Jacek Wiśniewski

Personal information
- Full name: Jacek Wiśniewski
- Date of birth: 8 June 1974 (age 50)
- Place of birth: Gliwice, Poland
- Height: 1.89 m (6 ft 2 in)
- Position(s): Defender

Senior career*
- Years: Team / Apps / (Gls)
- 1990–1991: Sośnica Gliwice
- 1991–1992: Górnik Zabrze / 0 / (0)
- 1992: VfL Hamm/Sieg / 0 / (0)
- 1992–1994: Stal Sanok
- 1994–1998: Concordia Knurów
- 1997–2003: Górnik Zabrze / 135 / (7)
- 2003–2004: Szczakowianka Jaworzno / 26 / (1)
- 2004–2005: Cracovia / 0 / (0)
- 2005–2006: Górnik Zabrze / 17 / (1)
- 2006–2007: Cracovia / 37 / (4)
- 2008–2009: Wisła Płock / 14 / (1)
- 2009: GKS Jastrzębie / 11 / (0)
- 2009–2011: Ruch Radzionków / 37 / (1)
- 2011: → Rozwój Katowice (loan) / 11 / (0)
- 2012: Gwarek Ornontowice / 4 / (0)
- 2013–2016: Wilki Wilcza

= Jacek Wiśniewski =

Polish footballer

Jacek Wiśniewski (born 7 June 1974) is a Polish former professional footballer who played as a defender.

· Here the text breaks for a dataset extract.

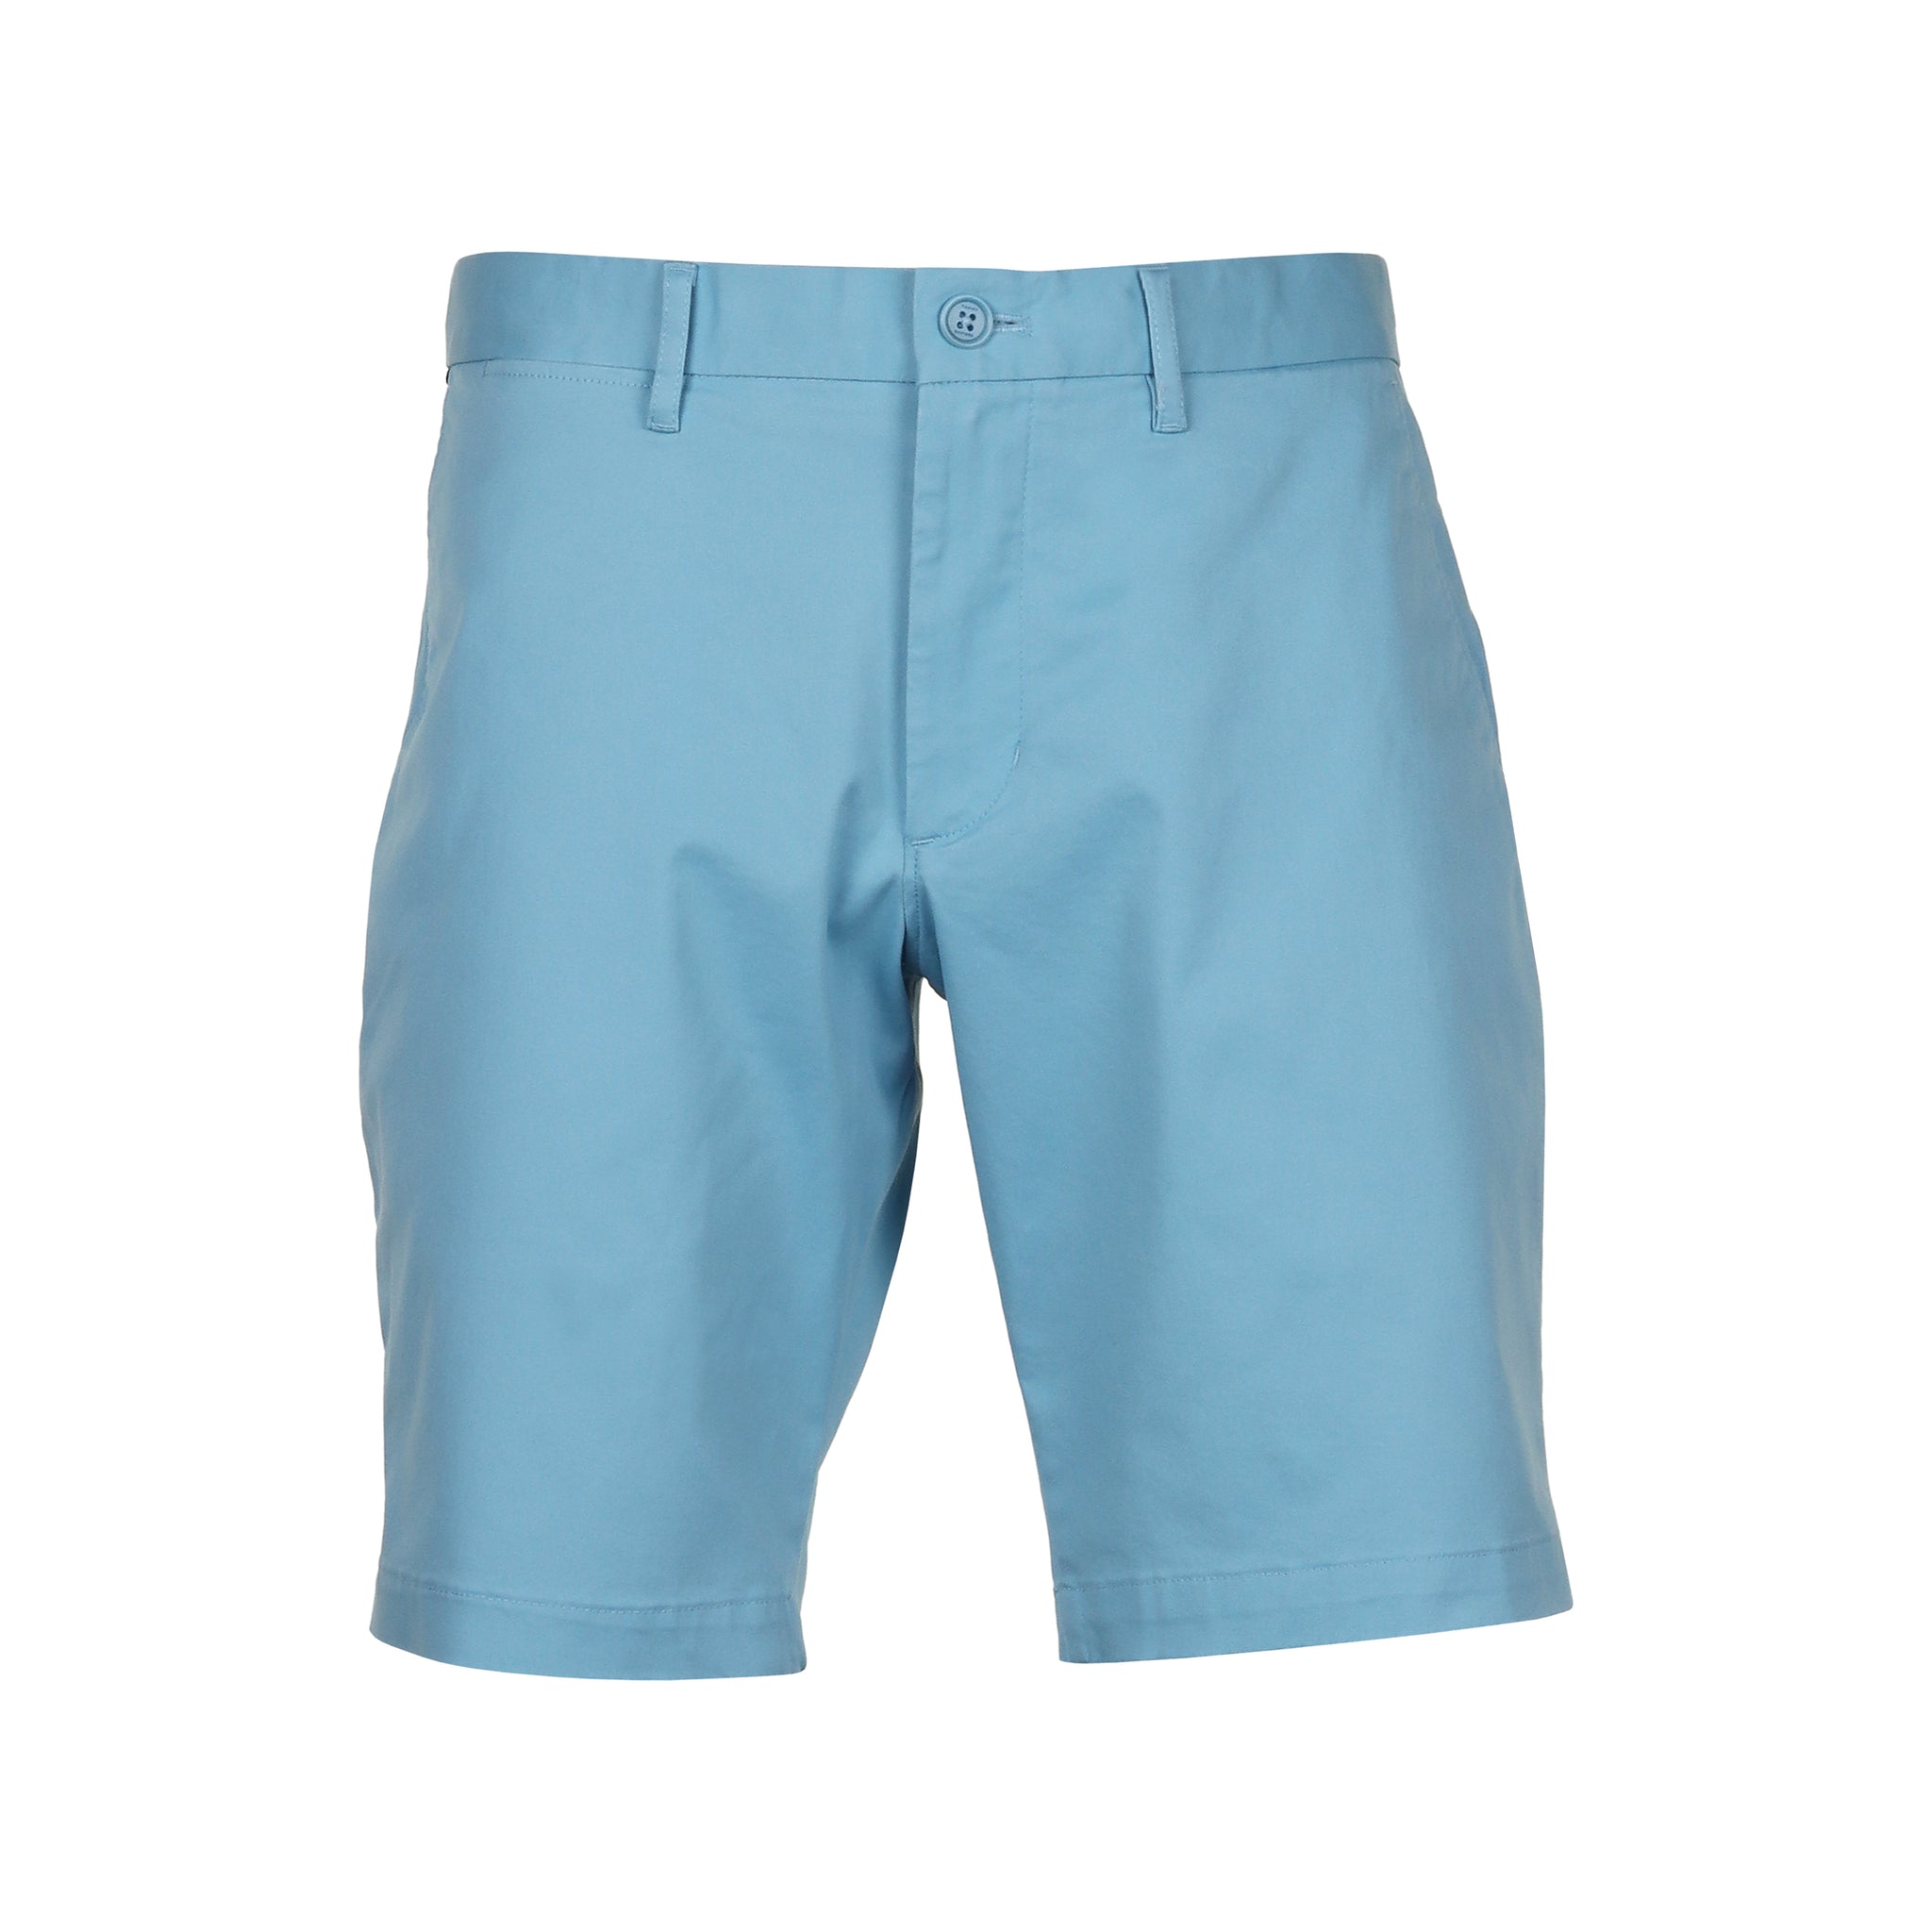 tommy-hilfiger-brooklyn-1985-cotton-shorts-mw0mw23563-sleepy-blue-cyw-function18
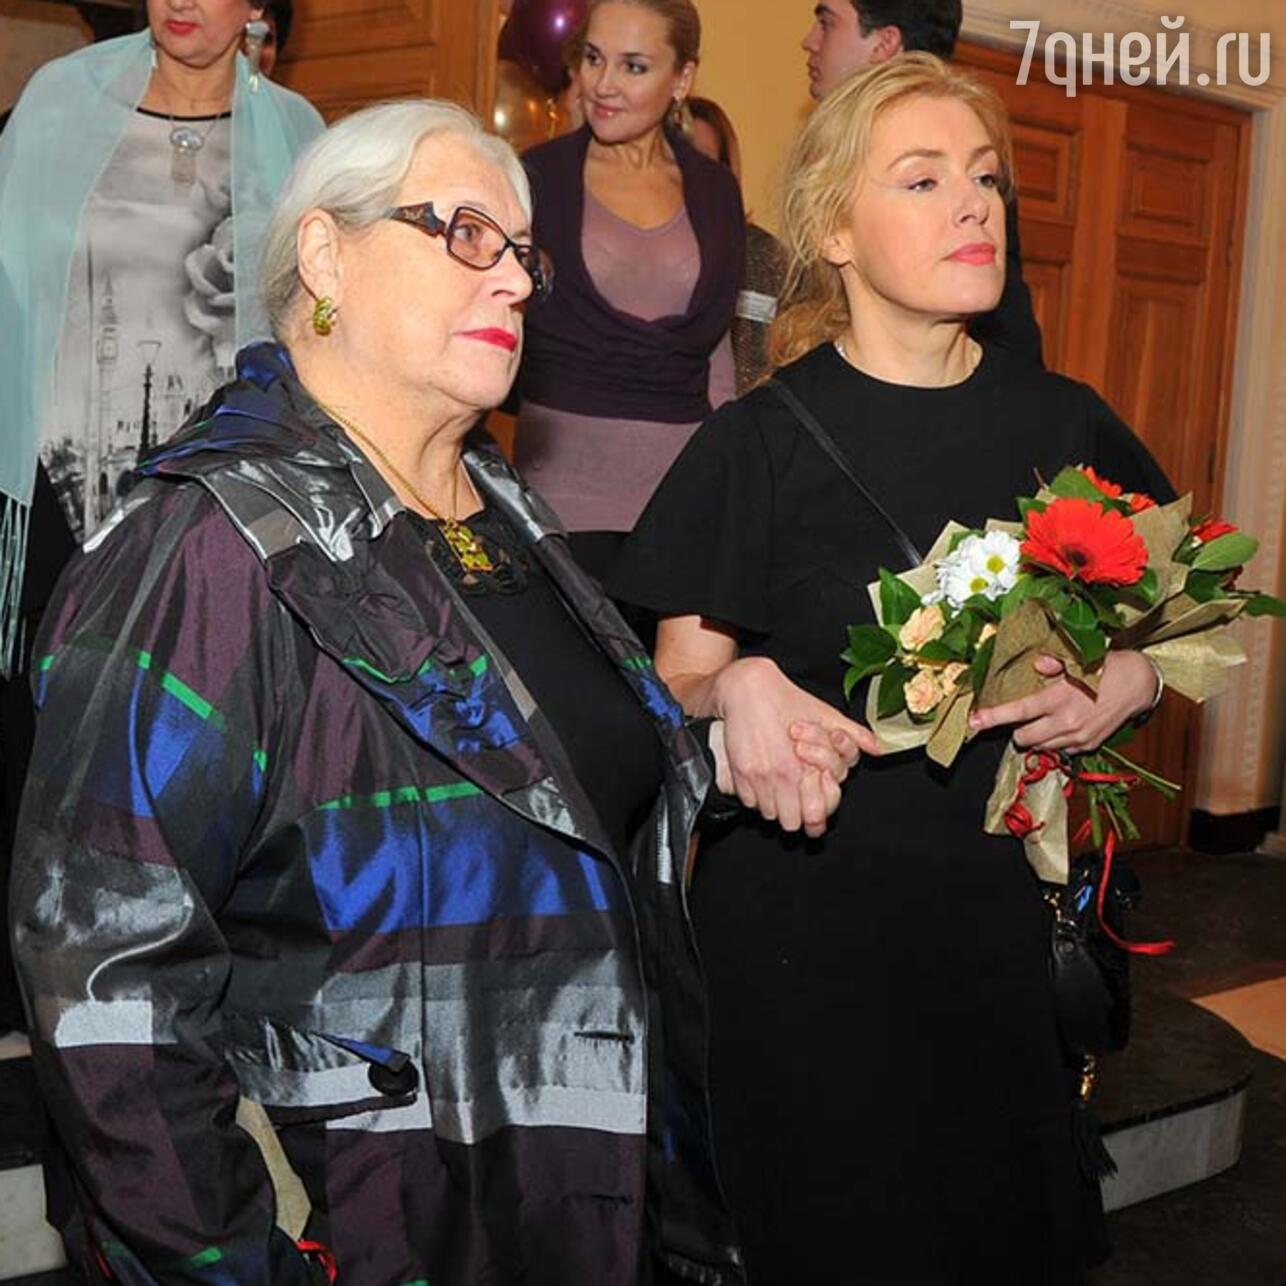 Лидия Федосеева-Шукшина и Мария Шукшина вместе фото

Born in Gliwice, Wiśniewski began playing football with the youth side Walce Zabrze and trained as a boxer.

He played for Górnik Zabrze, Cracovia Jastrzębie and Ruch Radzionków. Wiśniewski signed a 1.5-year contract with Wisła Płock in 2008.

After he retired from playing football, Wiśniewski began a MMA career. He lost to Kamil Waluś in his debut at KSW XX, on September 15, 2012.